Acceleration/Incubation
Incubation is a shared and often subsidized space where companies can locate in their early stages to continue their product development work.  Acceleration is space, plus the addition of money, management, technical resources, and other skills that help a business speed up its product development timeline.

Component & Service Suppliers
Component and service suppliers are those companies and organizations that provide needed expertise to help companies commercialize their products.  They can be contract research support, manufacturing support, design support, component suppliers, legal counsel, regulatory services, etc.

Facilities
Most companies need space in which to operate the business.  This can include laboratory space for further research and development, general office space for things such as sales and marketing, or manufacturing space to make the product.

Business Planning
Business planning support includes advice or contract support about the various aspects of the business, from marketing and sales, technology assessment, finance, value chain development, to business strategy.

Foundational Capabilities

Foundational Capabilities are the fundamental building blocks that underlie any life science or business endeavor.

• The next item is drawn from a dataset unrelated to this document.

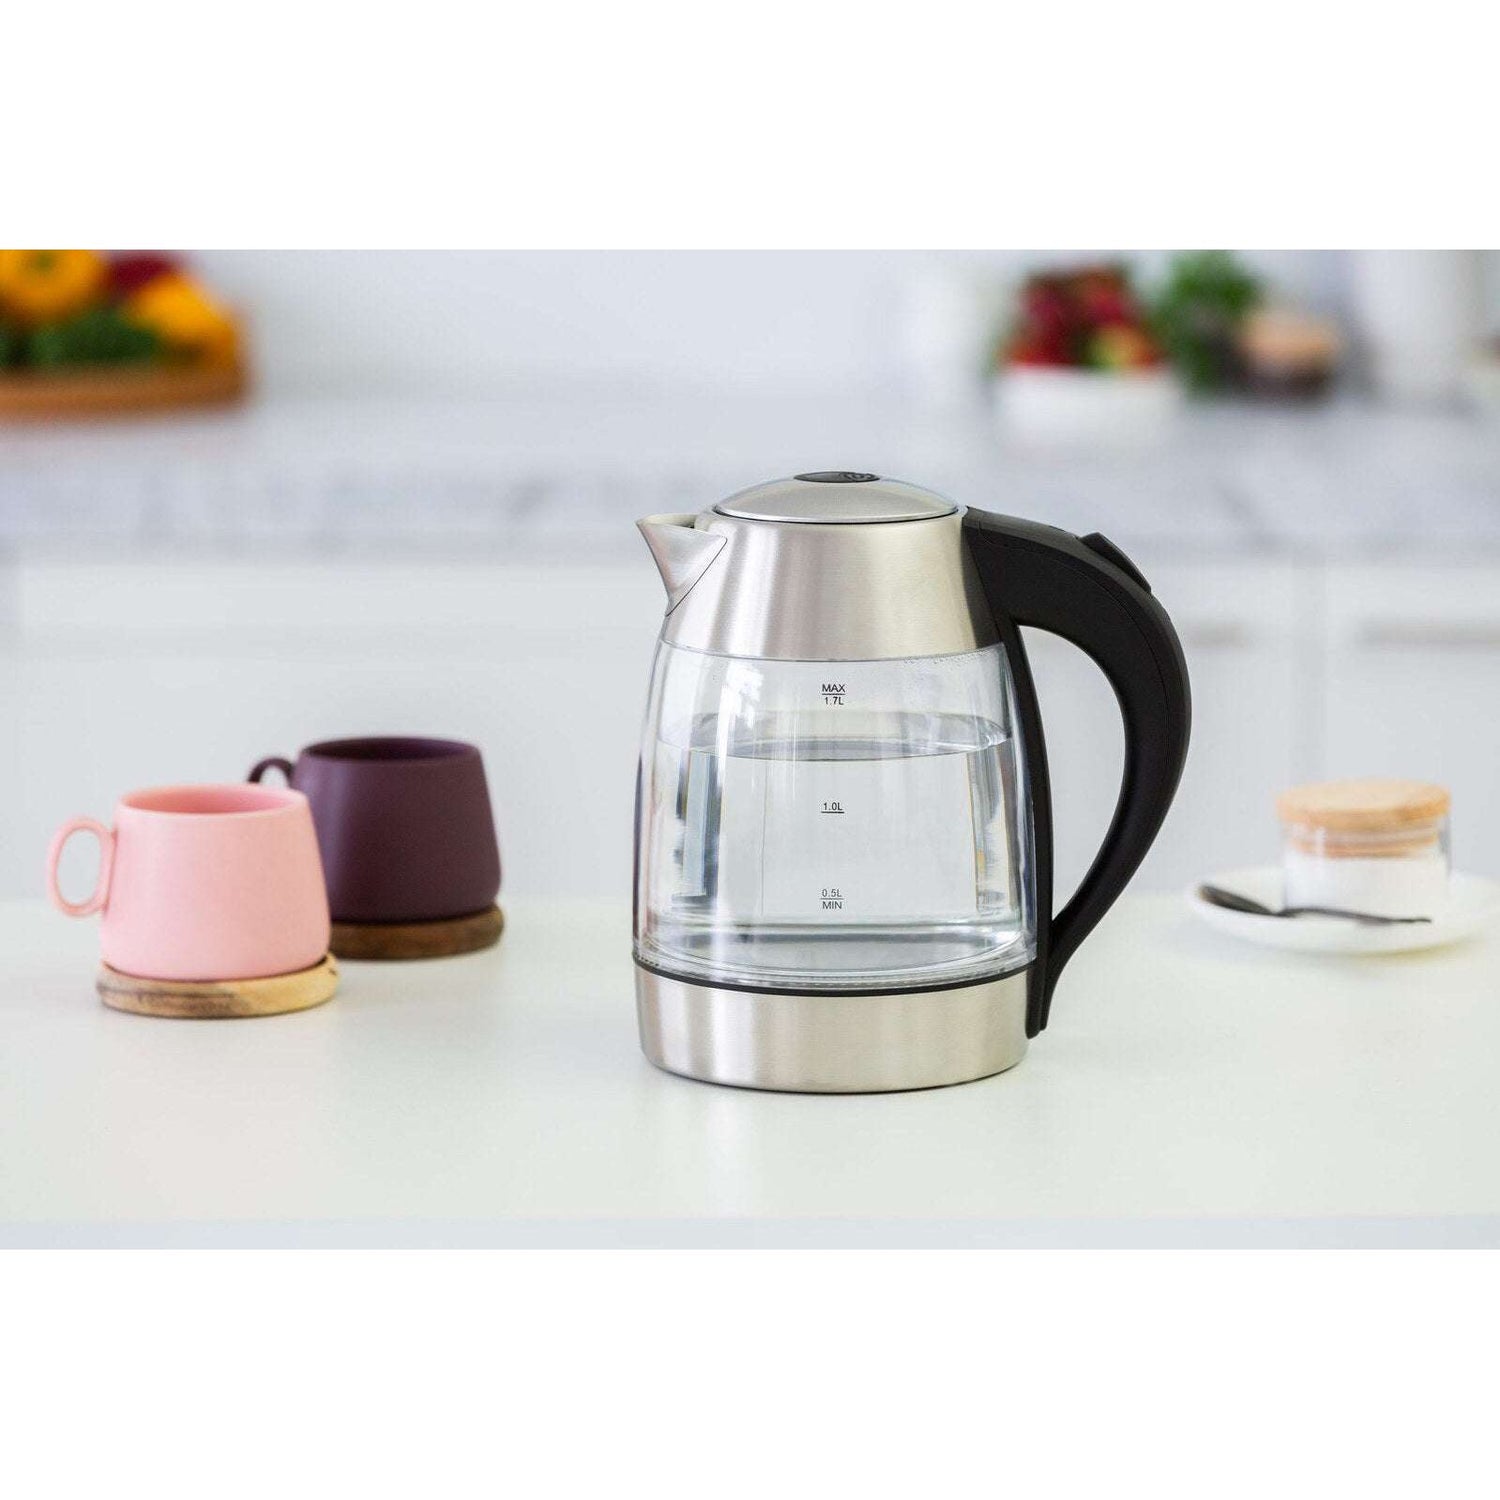 1.7 Litre Glass Kettle with 360 degrees Rotational Base

Foundational Capabilities are the domain of the Public Sector.

Education
A high quality education system from Pre-K, through K-12, and into higher education, with particular strength in math, biology and other sciences are required to support a bioscience economy.

Infrastructure
Basic infrastructure, such as roads, sewers, buildings, internet/telecommunications capabilities, and other amenities must be in place to support the development of businesses in the community.   Infrastructure is of special importance to new industries where no current infrastructure exists to support this new type of technology-based business.

Policy

There must be sound public policy concerning the regulation of business and sciences to support the bioscience industry sector.  In addition, there need to be public policy decisions that help to catalyze innovation and formation of new industries and companies.  It is important that catalysts are targeted to encourage and leverage private sector investment.